__EXERCISE__.
Starting at the first line of the entries below, output every line exactly, up to and including the line with "Adolphe Sax and".

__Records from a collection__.
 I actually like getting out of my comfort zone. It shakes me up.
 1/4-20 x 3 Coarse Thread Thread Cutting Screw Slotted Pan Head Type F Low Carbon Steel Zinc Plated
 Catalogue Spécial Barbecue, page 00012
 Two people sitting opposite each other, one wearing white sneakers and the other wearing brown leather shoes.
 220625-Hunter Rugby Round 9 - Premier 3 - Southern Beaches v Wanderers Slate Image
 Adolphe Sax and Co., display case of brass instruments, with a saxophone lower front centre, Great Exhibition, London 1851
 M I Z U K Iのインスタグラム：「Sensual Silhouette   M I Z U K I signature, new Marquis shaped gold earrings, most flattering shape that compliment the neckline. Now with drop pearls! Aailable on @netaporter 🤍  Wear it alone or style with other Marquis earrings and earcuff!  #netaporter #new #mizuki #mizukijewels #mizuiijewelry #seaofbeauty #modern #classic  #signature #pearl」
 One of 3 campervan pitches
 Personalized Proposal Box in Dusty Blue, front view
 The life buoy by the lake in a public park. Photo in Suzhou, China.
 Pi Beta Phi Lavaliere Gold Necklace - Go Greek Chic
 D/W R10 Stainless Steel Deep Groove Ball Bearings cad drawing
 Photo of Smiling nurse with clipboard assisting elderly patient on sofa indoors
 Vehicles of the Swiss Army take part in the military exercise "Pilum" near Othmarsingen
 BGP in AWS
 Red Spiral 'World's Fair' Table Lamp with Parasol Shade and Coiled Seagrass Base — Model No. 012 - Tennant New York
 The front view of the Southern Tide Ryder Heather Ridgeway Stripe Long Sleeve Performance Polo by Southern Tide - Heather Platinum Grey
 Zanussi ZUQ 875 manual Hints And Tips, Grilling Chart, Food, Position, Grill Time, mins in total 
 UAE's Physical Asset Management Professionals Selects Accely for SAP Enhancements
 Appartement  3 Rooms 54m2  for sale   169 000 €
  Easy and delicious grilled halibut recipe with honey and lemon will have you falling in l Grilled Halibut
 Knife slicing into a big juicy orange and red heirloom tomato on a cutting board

__YOUR SOLUTION__.
 I actually like getting out of my comfort zone. It shakes me up.
 1/4-20 x 3 Coarse Thread Thread Cutting Screw Slotted Pan Head Type F Low Carbon Steel Zinc Plated
 Catalogue Spécial Barbecue, page 00012
 Two people sitting opposite each other, one wearing white sneakers and the other wearing brown leather shoes.
 220625-Hunter Rugby Round 9 - Premier 3 - Southern Beaches v Wanderers Slate Image
 Adolphe Sax and Co., display case of brass instruments, with a saxophone lower front centre, Great Exhibition, London 1851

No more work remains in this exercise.